After the 2019/2020 fires I did a cultural burning for the Bindarrabi Community at Koreelah. The wildfire came within five Ks of their community, and they were really scared of the fire, and what I was about to do, they had great concerns about it. And you could totally understand that after what we’ve just been through. And the fear was, Is that gonna get out of control? 

They wanted to learn, but they were fearful of what happened when I struck that match. What comes next? And the comments were, ‘Aunt, you got no shoes on. You know you should be in full PPE.’ And I’m trying to explain it’s just going to come along this way. And there’s going to run into that green bit and then it’s going to go out. ‘Are you sure?’ ‘Yeah, I’m sure. I’m sure because I’m on the window of my opportunity. And the wind’s not going to change today. And I’m gonna start and I’m gonna do it this way.’ 
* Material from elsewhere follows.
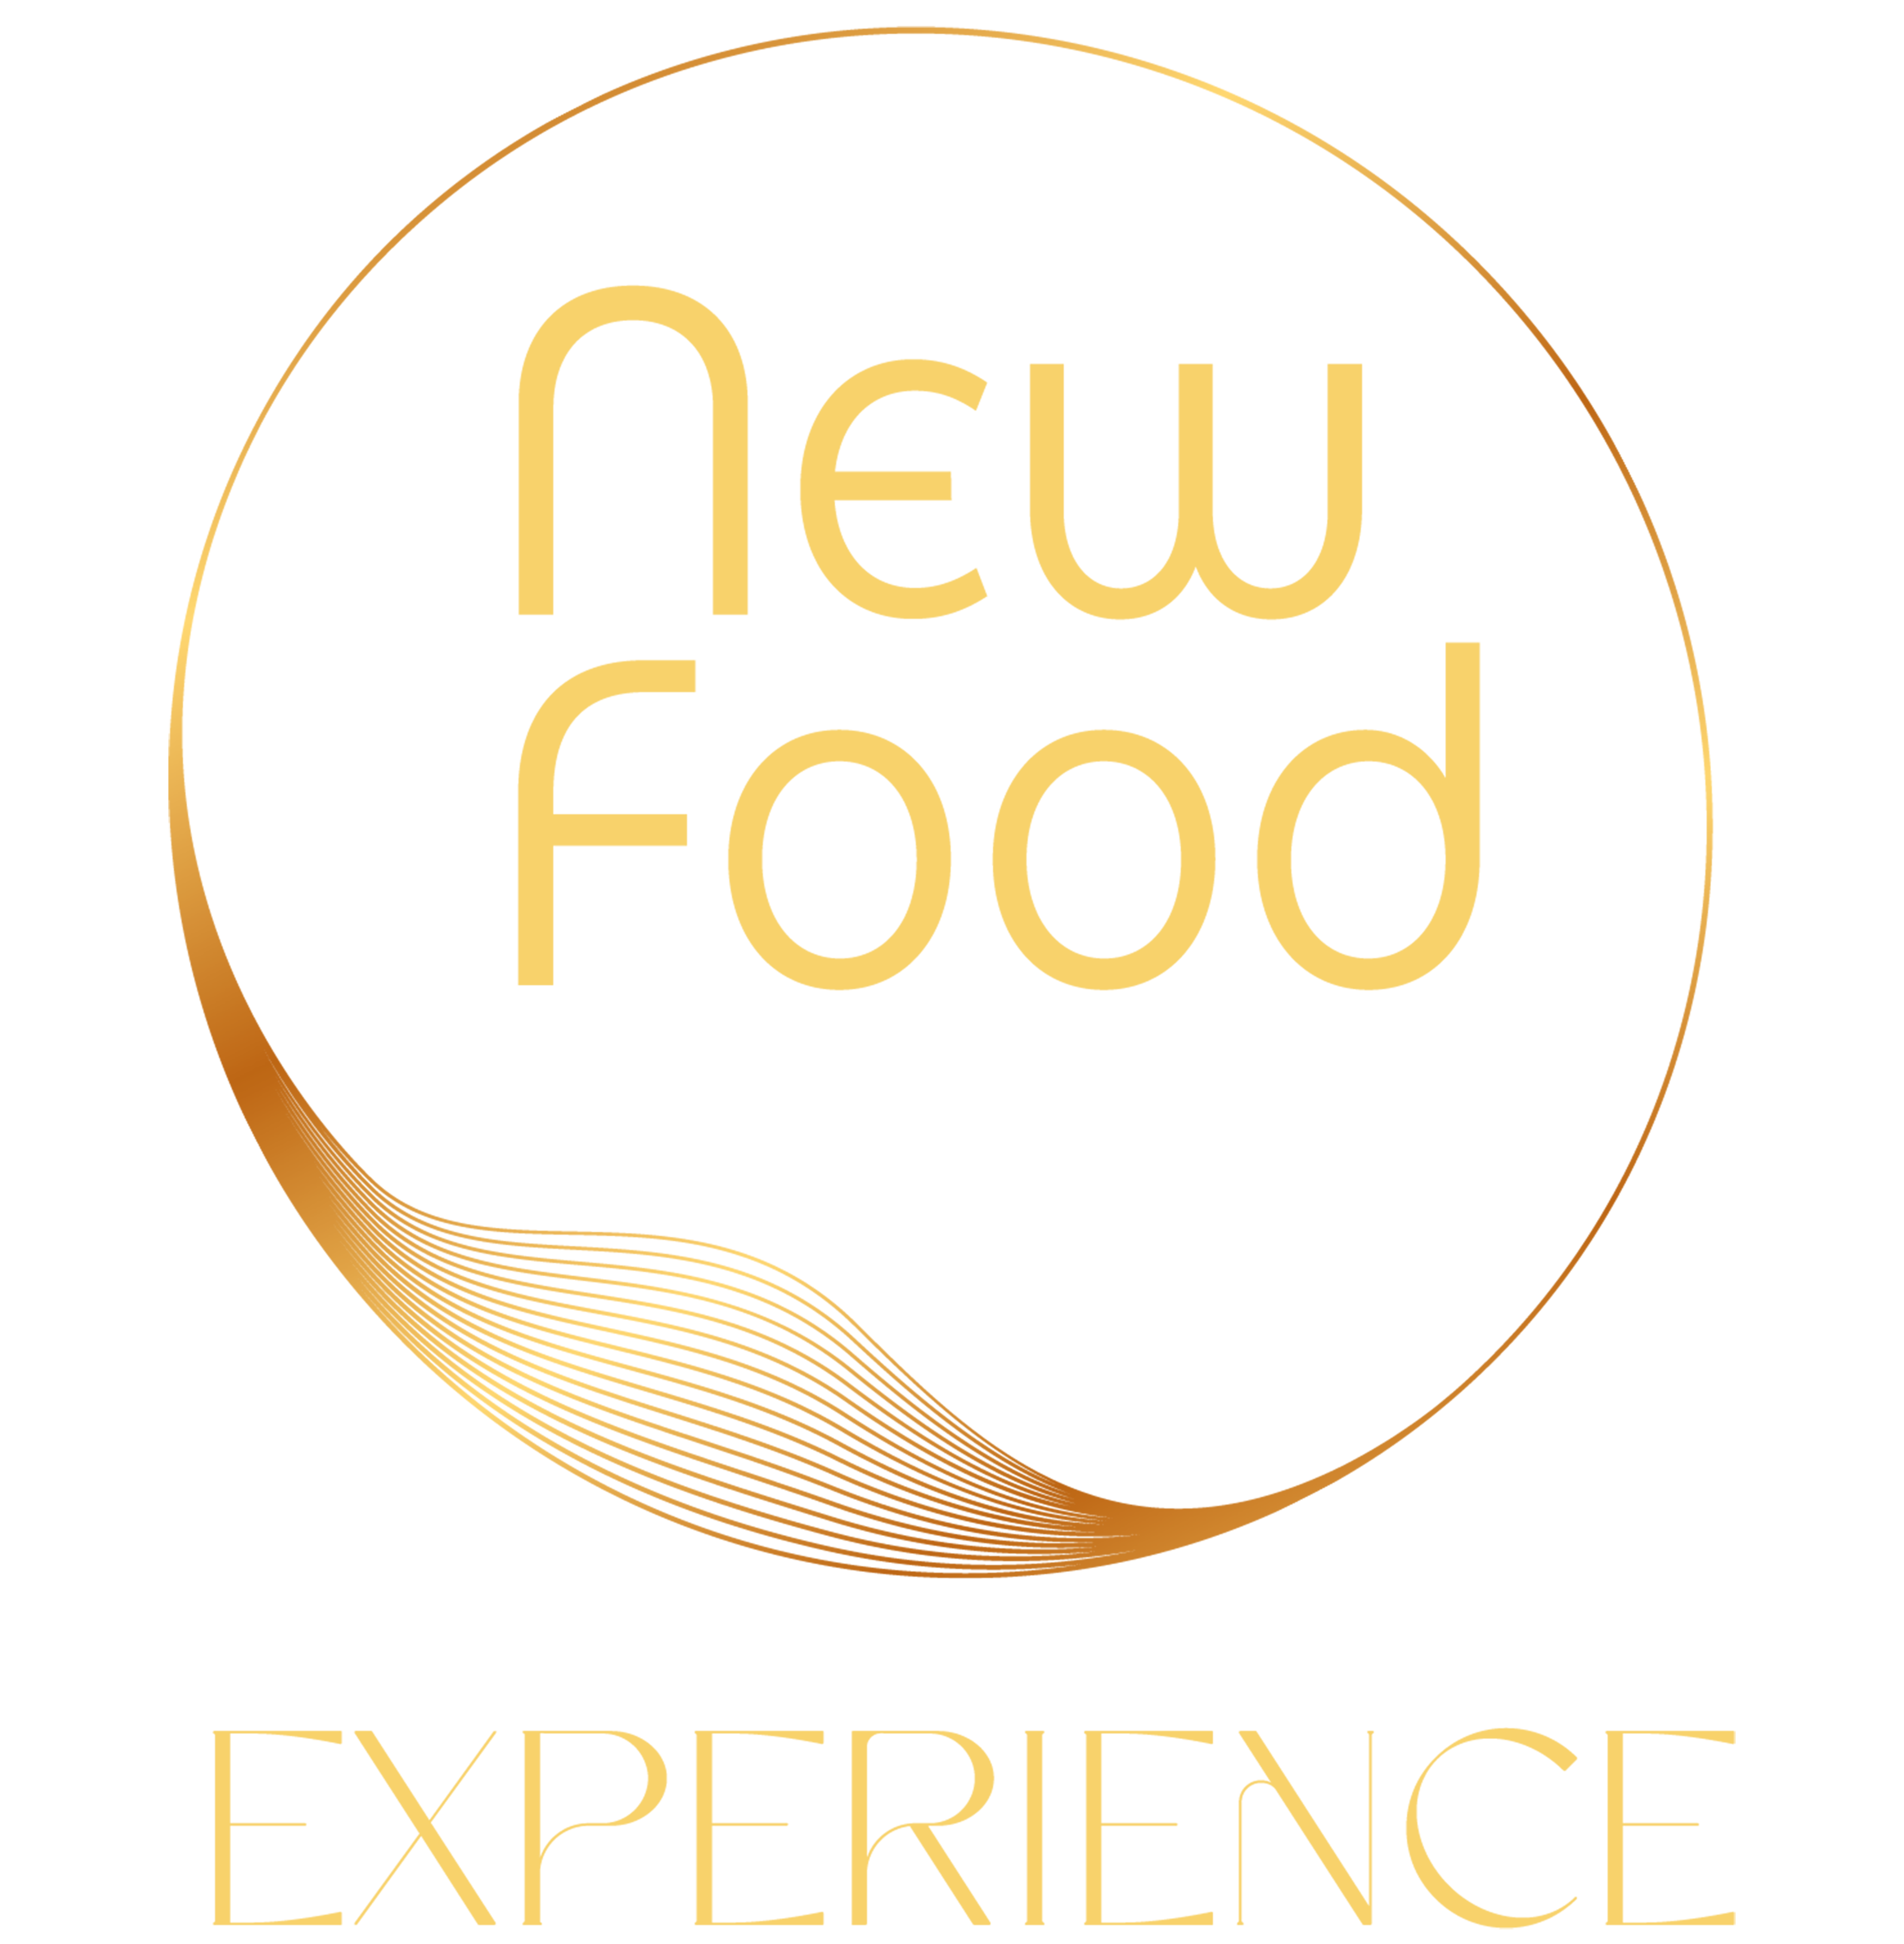 New Food Experience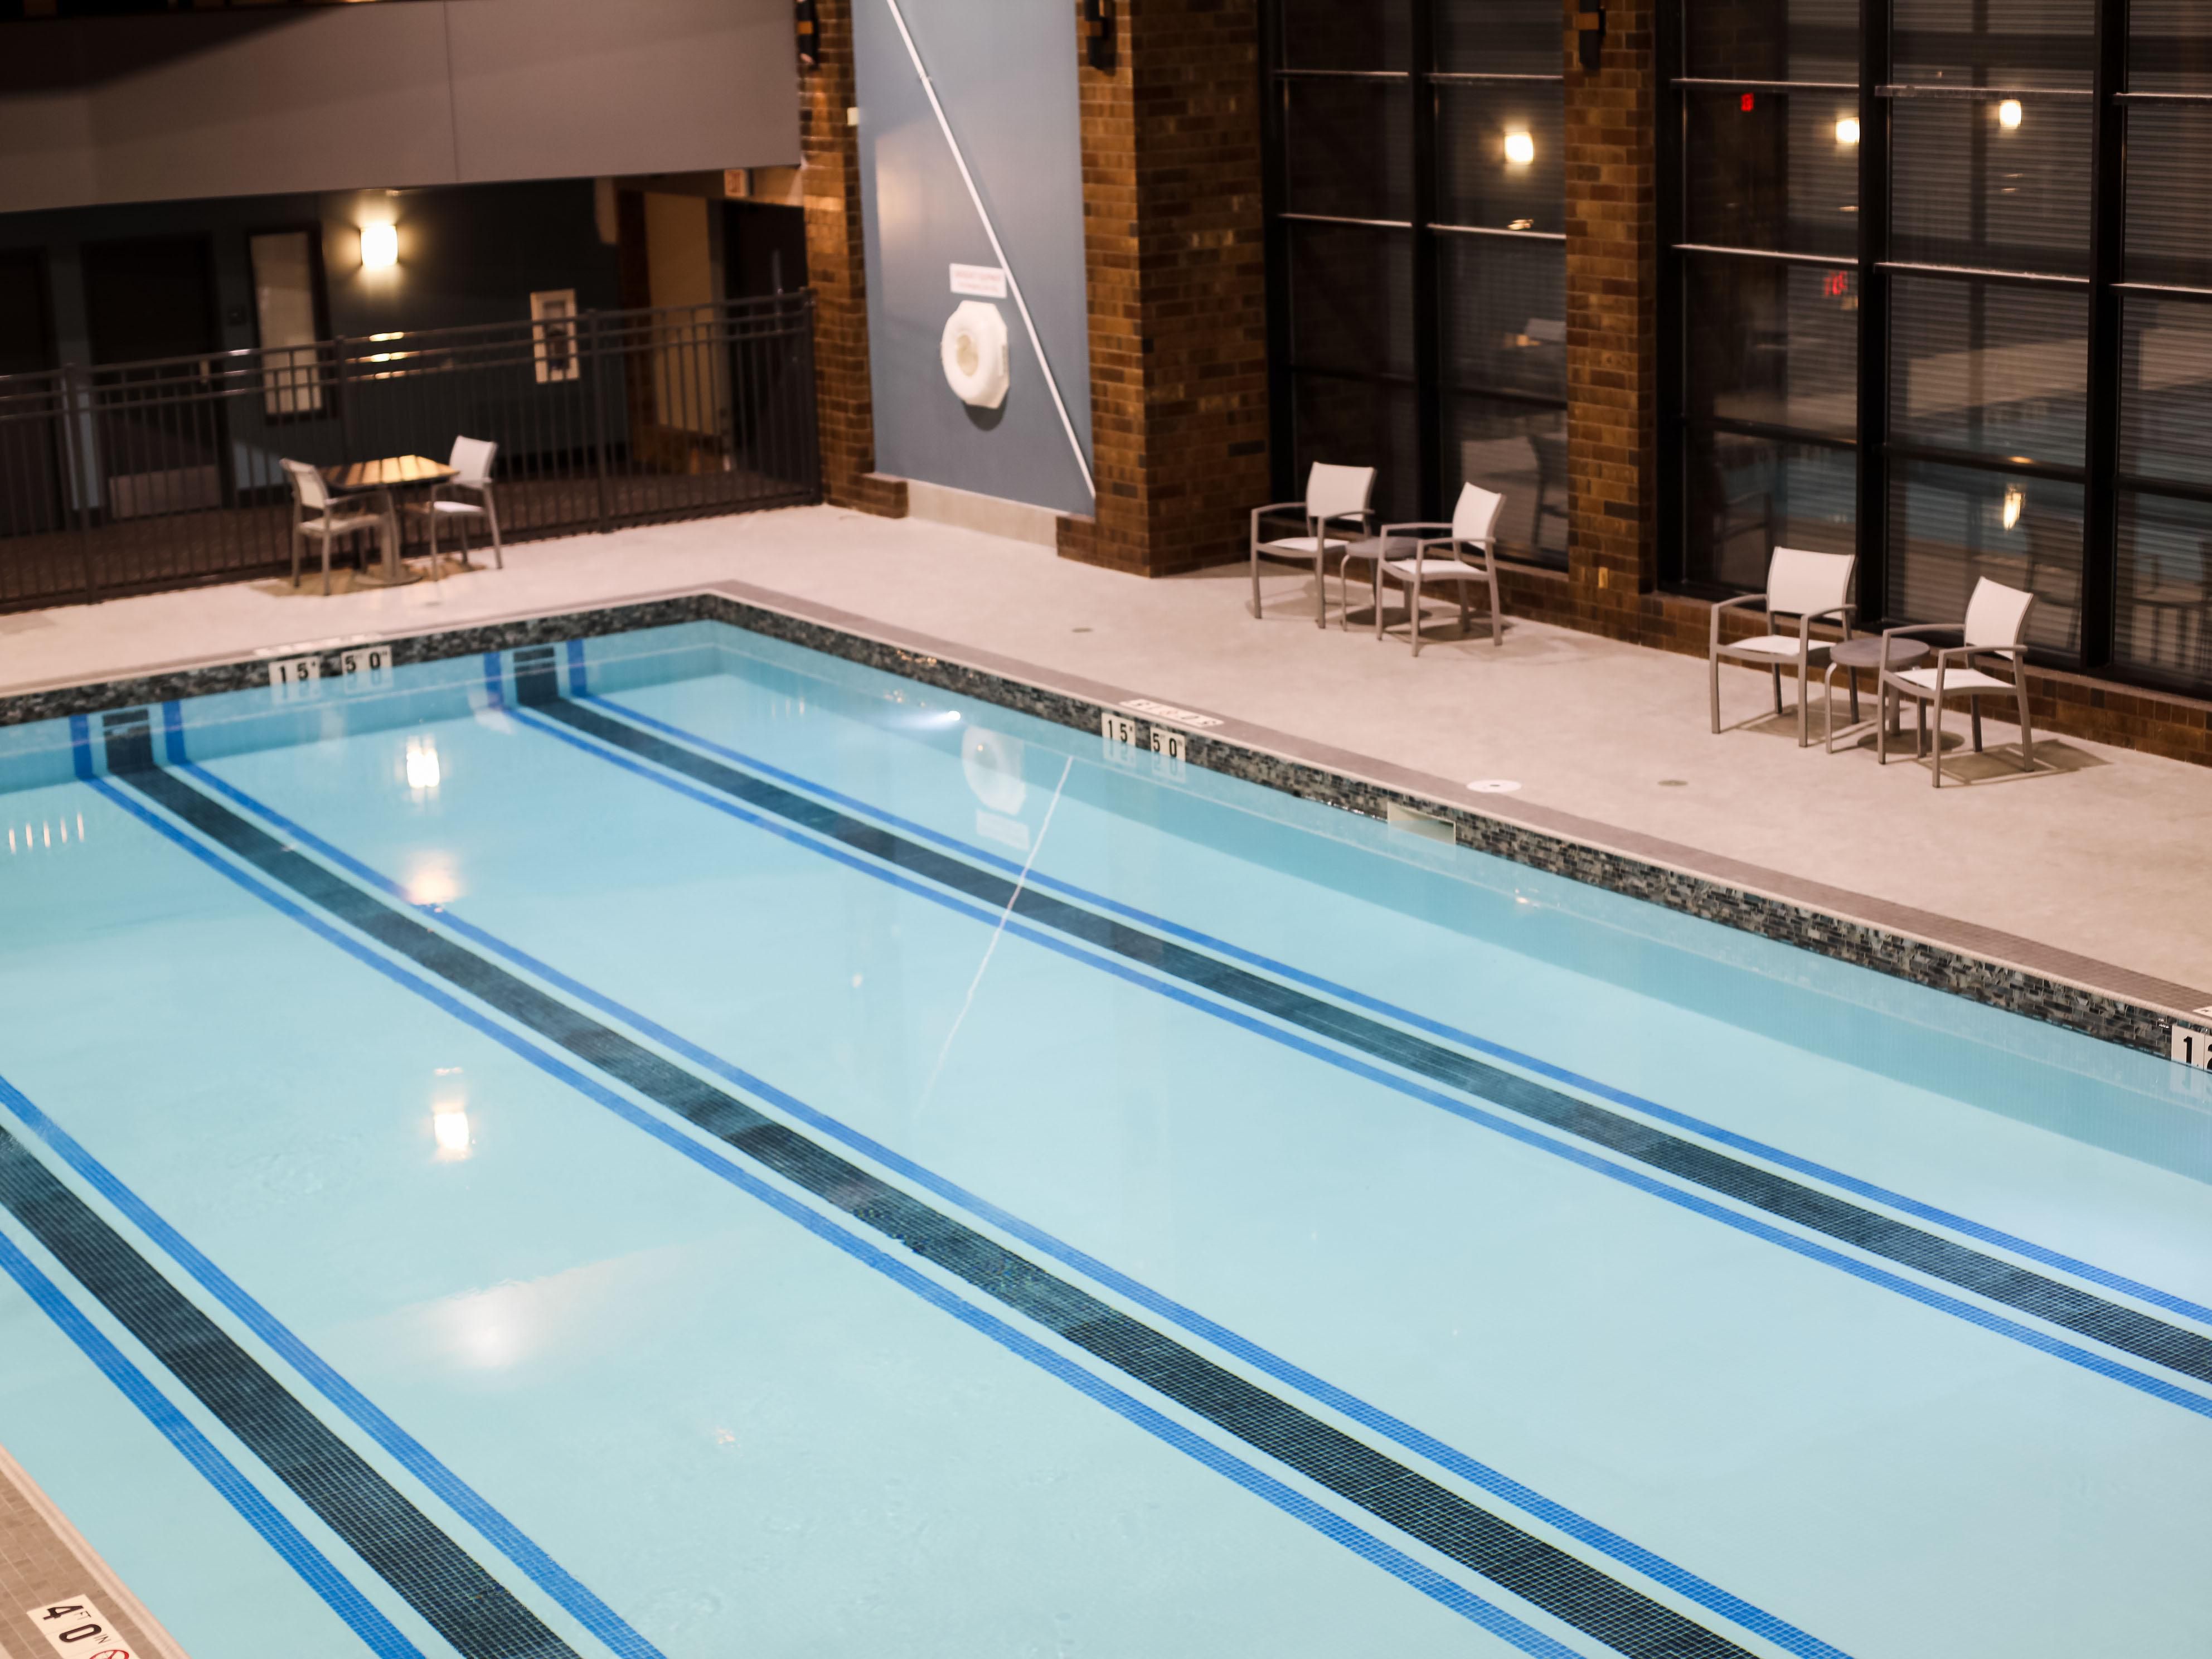 Kick back and relax while the stress of the day fades away. We know a hotel with a pool is important to you, and we are proud to offer not just one pool, but three indoor pools!

There’s so much that goes into the organisation and then planning of it, and even then, you can turn up on that day, and the wind has picked up and or it’s gone too dry or it’s gone too green, and then you have to call it off. And then you have to wait until next season. But in the meantime, that’s all built up again. And the community is then panicked again, because you’ve got another fuel load. 

Aunty Kali at a cultural burn workshop at Afterlee. Photo: Jodie Harris

A few people from the Community come down and joined in the burn, and then they went back and they told the others. And then a couple more turned out for the next one, and a couple more turned out for the next one, and so on until most people within that community understood that I wasn’t creating a hazard. I was saving them for the next bushfire season. 

But once they seen that the fire can just go nice and slow and low, and there’s only smoke for ten minutes and it’s white smoke that the land needs. And now they’ve seen how it’s regenerated. And all the little natives are coming up, and they’re a lot safer than what they were prior to that. They’ve also, thanks to that grant, got a quick spray unit. So that, you know, if the fire does impinge on them, at least they’ve got a fighting chance.

The Bindarrabi burn was empowering. I burnt that area on behalf of my ancestor women of the Richmond River and Granny Eva Combo, and on behalf of Millie Boyd, for the Boyd family, at Boyd country out there. And when I got there more women were there and, you know, the signs come, the eagle come. And it was just the right time, the right place. And the right moment. It was a moment in time that changed me and made me feel more confident about what I was doing. And it meant that the non-Indigenous people were open to that conversation. And as Indigenous people, First Nations people, we need to be leading. We need to come together and lead.

The fire didn’t go around First Nations people
It didn’t go around white people
It took us all out as one

People felt quite healed by clearing that land. At first I thought it was just an unblocking of Indigenous people. Because the Fire Spirit is in us. It’s just lost. But that happens to white people too, they feel a deep connection with Mother Earth at that point. Then they look back and they go, ‘Gee, that’s going to regenerate really well.’ 

At the end of the day, the fire didn’t go around the First Nations people, it didn’t go around the white people. It took us all out as one. So we’re one voice. And that’s part of the dream for me for the future is that we all come together as landholders and non-Indigenous people and have the conversation. How do we protect these areas? How do we protect our threatened species? 

There’s a big move towards resilience and recovery, but will we recover by the time the next one hits us? And that’s the question every time we hear the rain, or every time we smell the smoke, we wonder what’s going to happen, you know – the town’s packed with people panic-buying, and we’ve just had an overnight shower. 

My hope for the future is that we are one voice for living Earth, that the jobs are created for our future generations, that the youth lead the world, that everyone takes the time to listen to country, that what is old is new again, that we can gel our techniques together which will lead the next generation into a safe and prosperous future. 

So let the cool burning technique yarn continue. Boogelbah. Thank you.